Viewing a single comment thread. View all comments

jezreelite t1_jc08it5 wrote

Probably not: a biographical essay of Gilles in The Hundred Years War Part III: Further Considerations mentions that his parents died in a gruesome hunting accident that he may have witnessed and that at 16, he kidnapped and forcibly married his cousin, Catherine de Thouars, with the connivance of his maternal grandfather and guardian, Jean de Craon. Jean and Gilles later attempted to kidnap and then threatened Catherine's mother, Beatrice de Montjean, who had decided to remarry, as they feared that her new marriage would cause the loss of some Thouars lands. Years later (possibly at the behest of Georges de La Trémoille), they successfully kidnapped Charles VII's mother-in-law, Yolanda of Aragon.

Later, in 1427 (two years before the appearance of Jeanne), Gilles already liked to watch the executions of pro-English French nobles who had been taken prisoner.
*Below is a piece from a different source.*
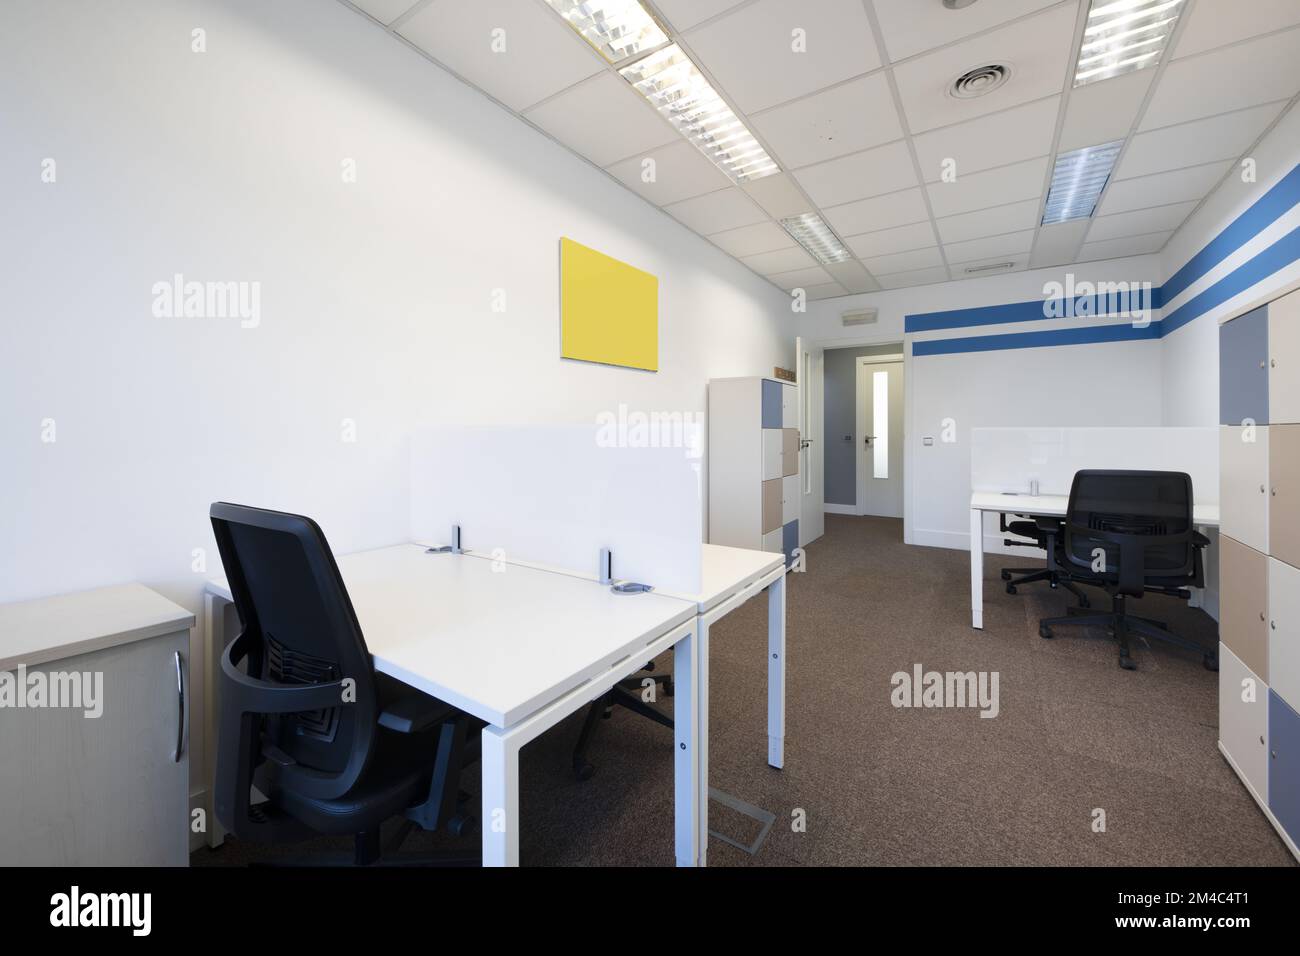 Several empty corporate work desks with divider screens and filing cabinets Stock Photo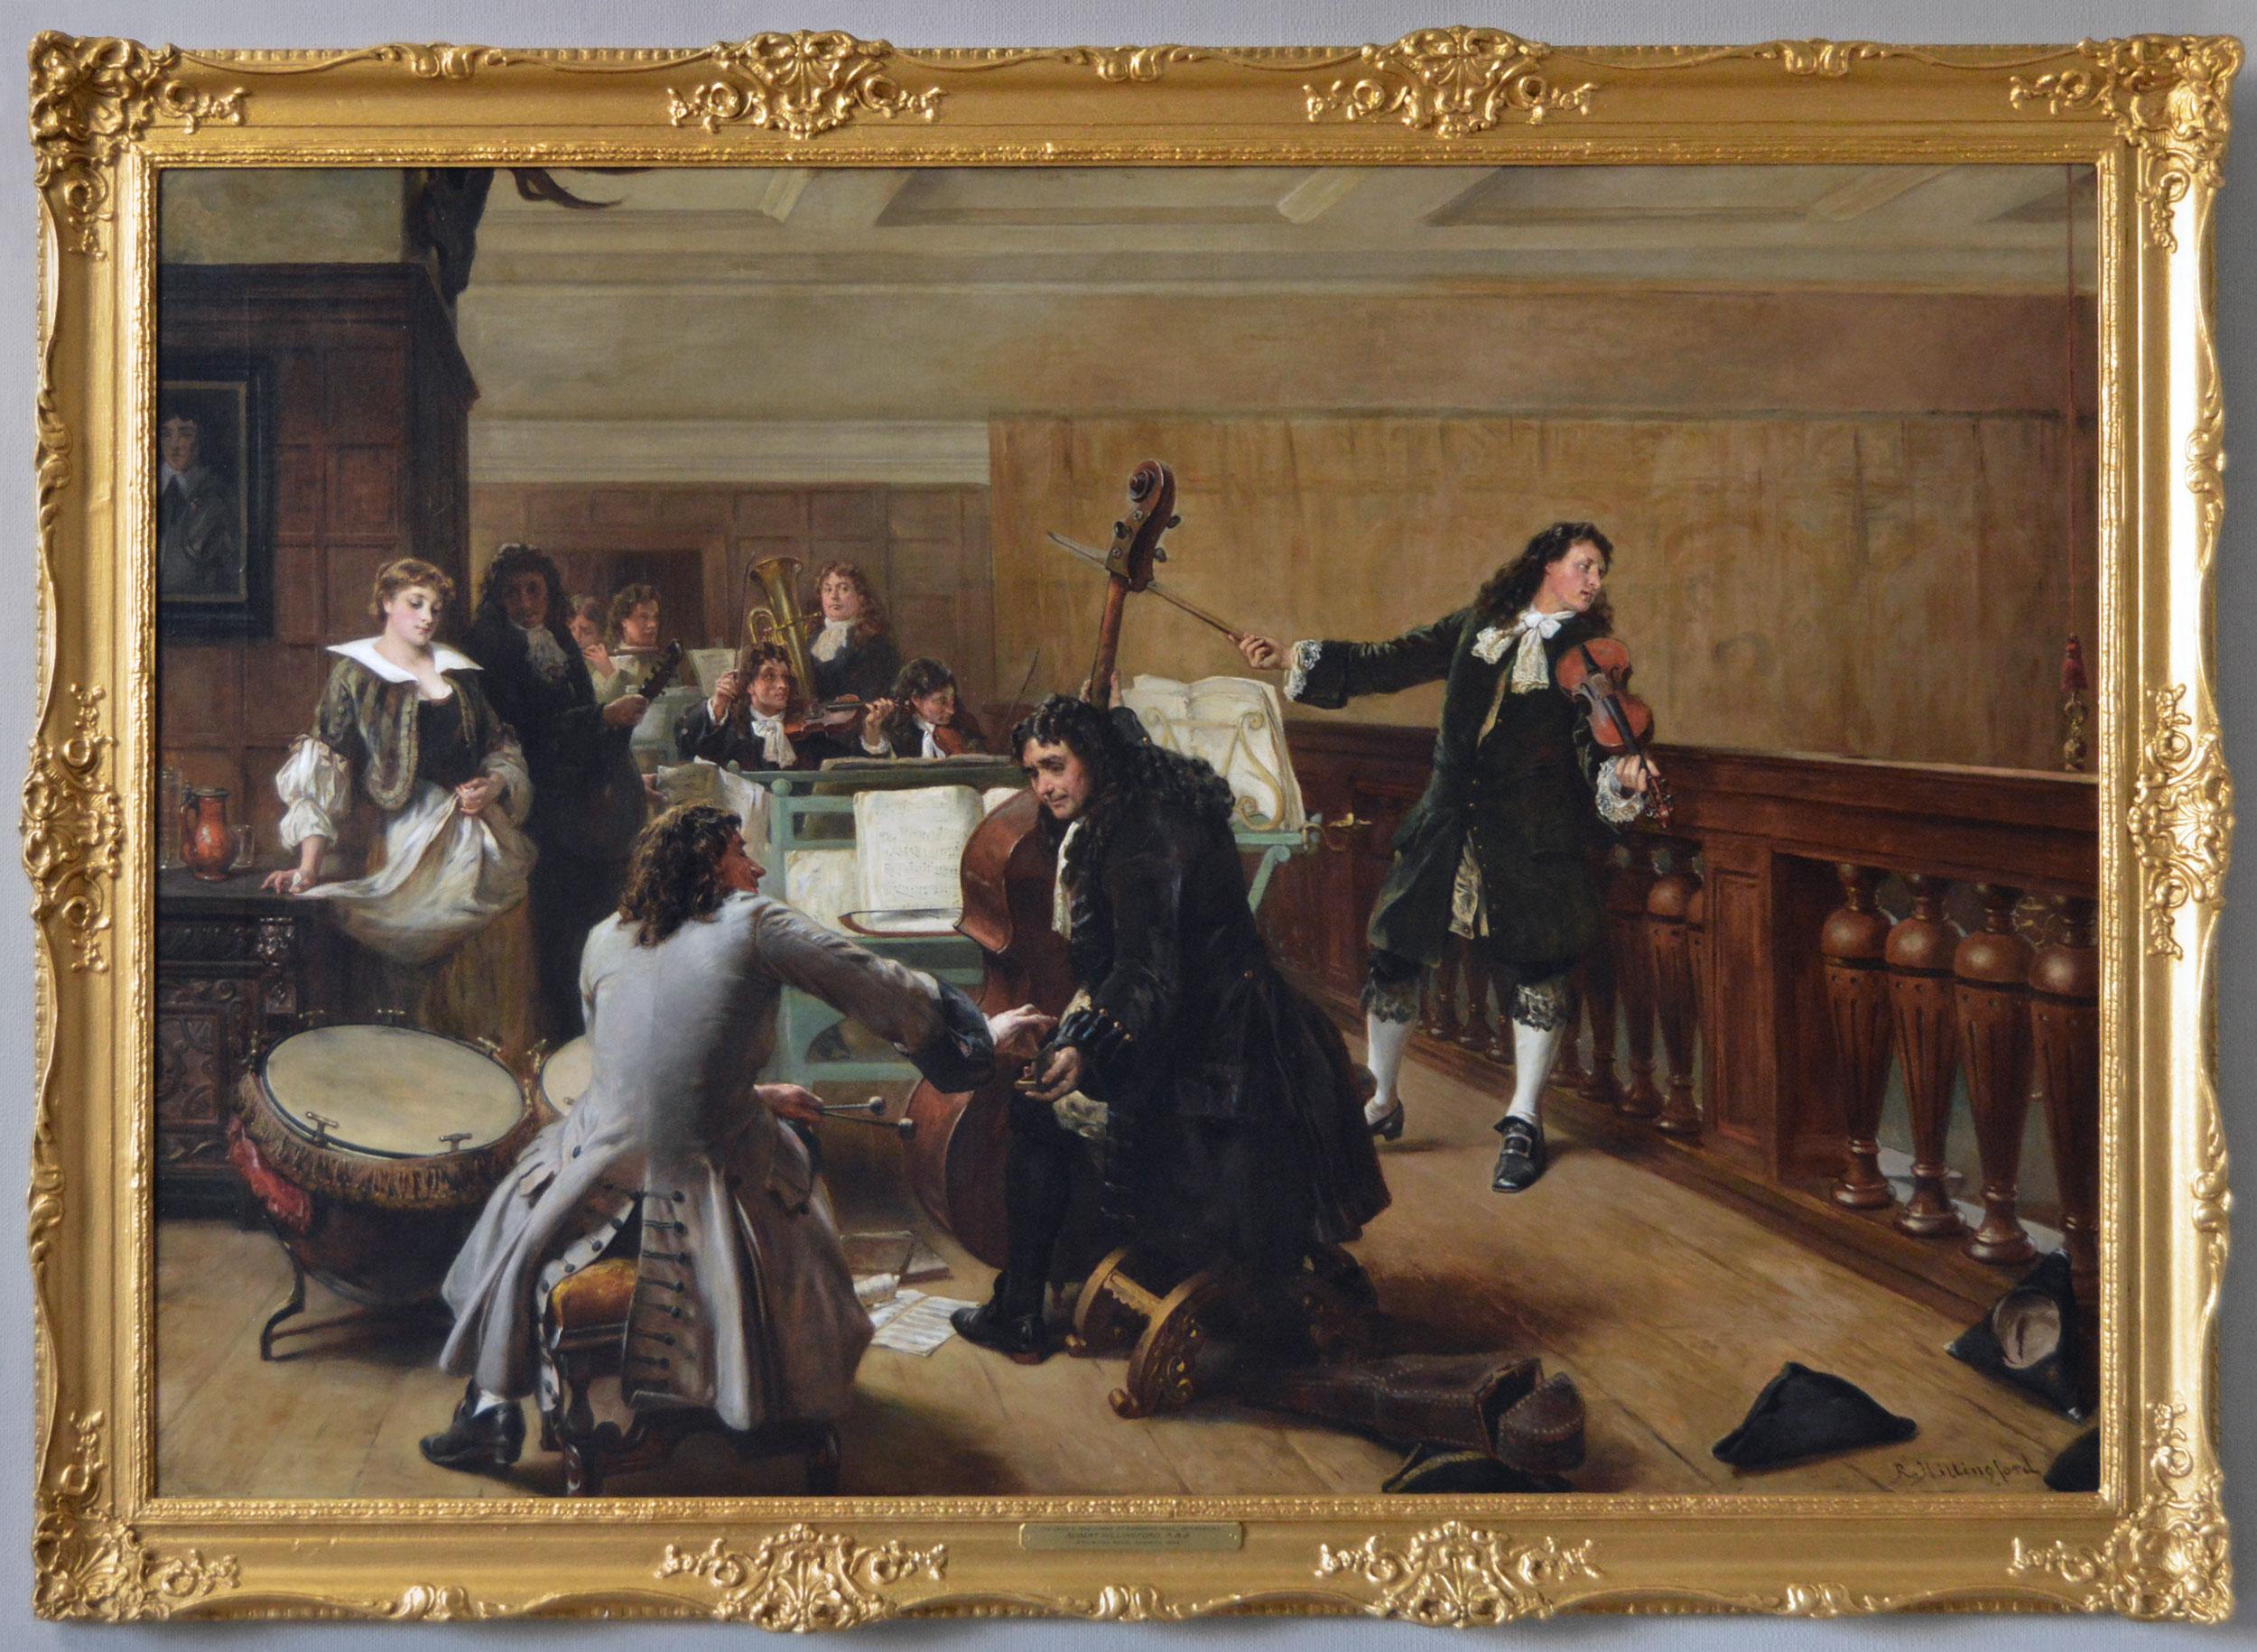 Robert Alexander Hillingford Large scale 19th Century historical genre  oil painting of a group of musicians For Sale at 1stDibs genre scale

>Interestingly, the defeated English were usually allowed to escape with their lives; by contrast, if an anglophile Frenchman fell into Gilles’s hands was invariably executed as a traitor. One historian describes Gilles’ treatment of such men: He would have them all hung from tall poles that were driven into the ground … Gilles would then stay to watch them fitfully kick, their necks in the noose, until the last spasms of their agony.